LONG BEACH – A Long Beach jury returned a first-degree murder conviction today against a 27-year-old man in connection with the 2006 fatal shooting of off-duty Sheriff’s Deputy Maria Cecilia Rosa. The trial now moves into the penalty phase since the District Attorney’s office is seeking the death penalty.

The jury deliberated nearly a week before convicting Frank Christopher Gonzalez of the murder and finding true the special circumstance of murder during an attempted robbery. The jury also convicted Gonzalez of attempted robbery and found true allegations that he personally used a handgun to kill the deputy.
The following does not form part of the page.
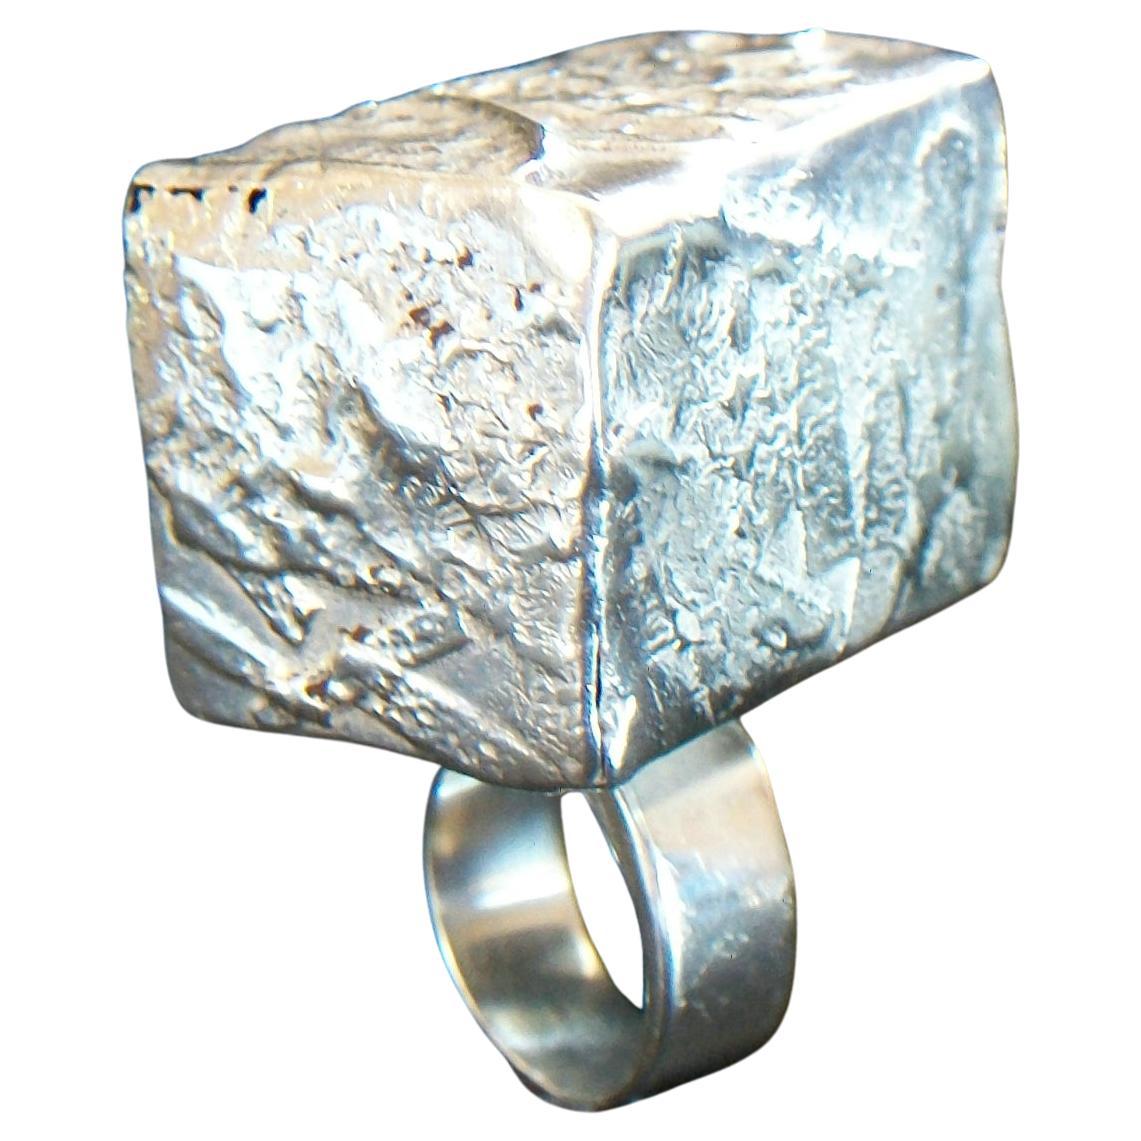 Massive Modernist Fine Silver Statement Ring - 950/1000 - Mexico - Circa 1970's For Sale

Deputy District Attorney Patrick Connolly, who is prosecuting the case with Deputy District Attorney Karen Thorp, said the penalty phase of the trial begins on Friday in the Long Beach court of Judge Joan Comparet-Cassani.

Gonzalez, who prosecutors argued fired the fatal shot from a .22-caliber handgun, is the second man convicted. Last December, another jury in Judge Comparet-Cassani’s court convicted 21-year-old Justin Ashley Flint of first-degree murder and attempted robbery, along with allegations that a principal in the crime was armed. That jury found the special circumstance not true, however, and in January, Flint was sentenced to 29 years to life in prison.

Deputy Rosa, 30, was killed on March 28, 2006, when she walked out of a friend’s home in Long Beach. It was a few minutes before 6 a.m. and the deputy was on her way to work at the Inmate Reception Center at Men’s Central Jail in Los Angeles.

Prosecutors said she walked to her car in the driveway and opened the trunk. As she did, the defendants – both on bicycles – rode up and confronted her.

The deputy tried to draw her service weapon, but instead was shot to death, prosecutors said. They said she was shot twice and died within minutes, despite attempts by good Samaritans and paramedics to revive her.

A break in the case for Long Beach police investigators came after DNA found on the handlebar grip of a bicycle left at the scene eventually led to Gonzalez and Flint. Both men by this time were in state prison on convictions of other crimes. They were charged in September 2006.